Denn Gewissheit, ob es mal mit einem Lehrstuhl klappt, gibt es selbst für die sehr guten Naturwissenschaftler nicht. Aber keine Sorge, Wirtschaft geht immer.

Wie ist die Lage auf dem Arbeitsmarkt?

Der Einstieg ins Berufsleben gelingt den meisten Naturwissenschaftlern gut. Die Arbeitslosenquote ist mit rund zwei Prozent gering. Eine Ausnahme bilden die Biologen mit einer Quote von fünf Prozent. "Allerdings arbeiten nicht alle Naturwissenschaftler auch an naturwissenschaftlichen Fragestellungen", sagt Ralf Beckmann von der Bundesagentur für Arbeit (BA). Viele würden nicht wegen ihrer Fachkenntnisse eingestellt, sondern zum Beispiel wegen ihrer analytischen Fähigkeiten.

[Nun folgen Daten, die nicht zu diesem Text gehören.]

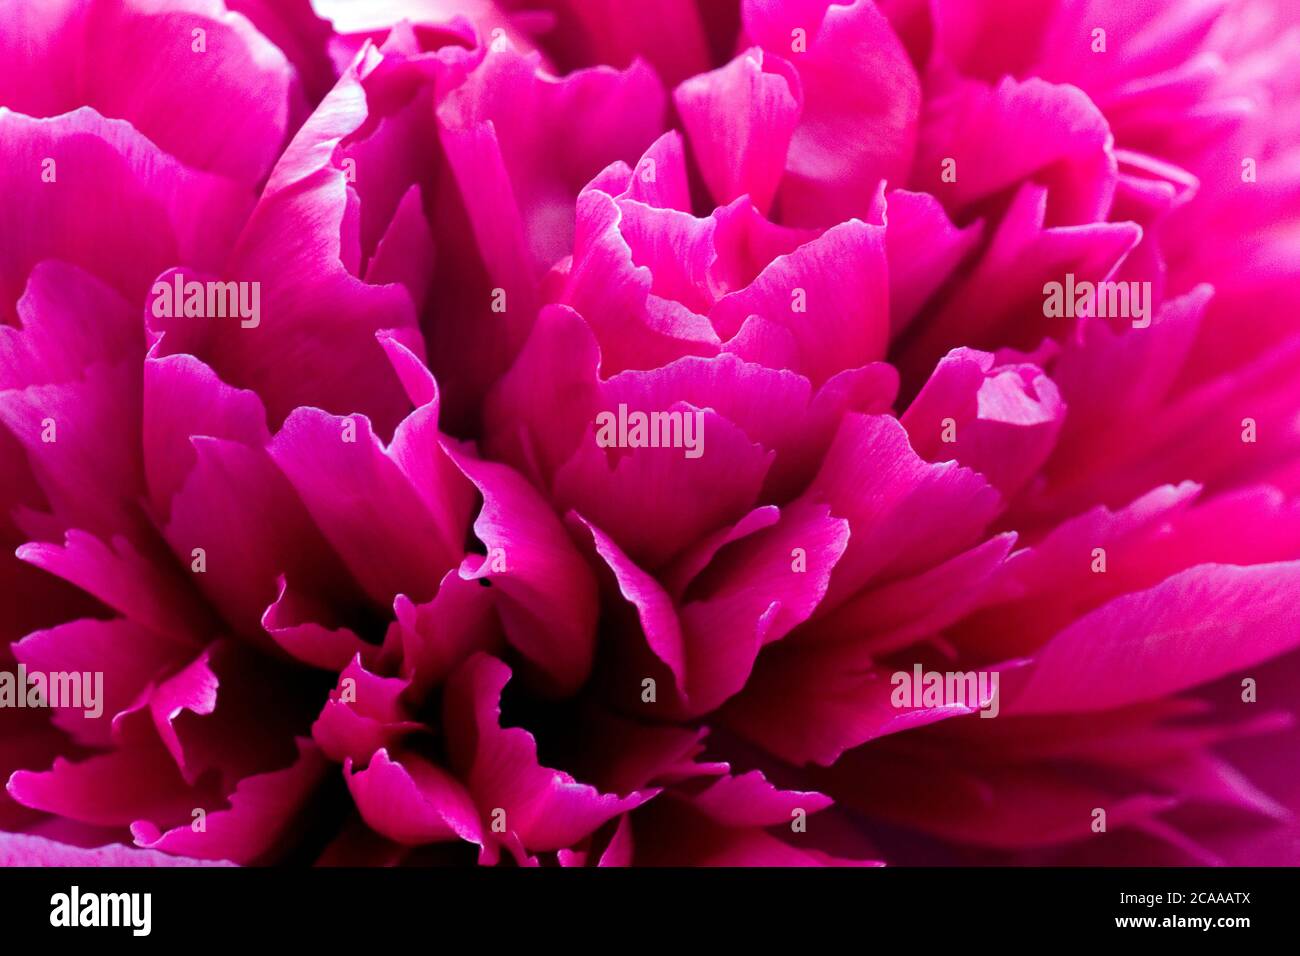 Detalle de primer plano de la flor de la peonía rosa (paeonia) Foto de stock

Im vergangenen Jahr hat sich die Nachfrage laut der Arbeitsagentur insbesondere im Bildungswesen, im öffentlichen Dienst, im Gesundheitswesen, bei Versicherungen und Finanzdienstleistern und bei Umweltverbänden erhöht. Absolventen können aber auch als Experten in einer Umweltberatung arbeiten oder sich für den Quereinstieg als Lehrer entscheiden. Physik und Chemie sind an Gymnasien oft sogenannte Mangelfächer, in denen Lehrer gesucht werden.

Arbeitgeber bevorzugen nach wie vor den Masterabschluss oder die Promotion, so die Studie JobTrends Deutschland 2016. Immerhin gut ein Drittel ist aber auch an Bachelorabsolventen interessiert. In der Forschung wird die Promotion vorausgesetzt.

Knapp ein Viertel aller Naturwissenschaftler arbeiten im Bereich Lehre und Forschung – viele nehmen dafür eine Aneinanderreihung befristeter Verträge in Kauf. Zwar wurde im vergangenen März das sogenannte Wissenschaftszeitvertragsgesetz geändert, sodass Arbeitsverträge nun nicht mehr grundlos befristet werden können, aber erst in einigen Jahren wird sich zeigen, ob die Karriereverläufe in der Wissenschaft dadurch stabiler werden.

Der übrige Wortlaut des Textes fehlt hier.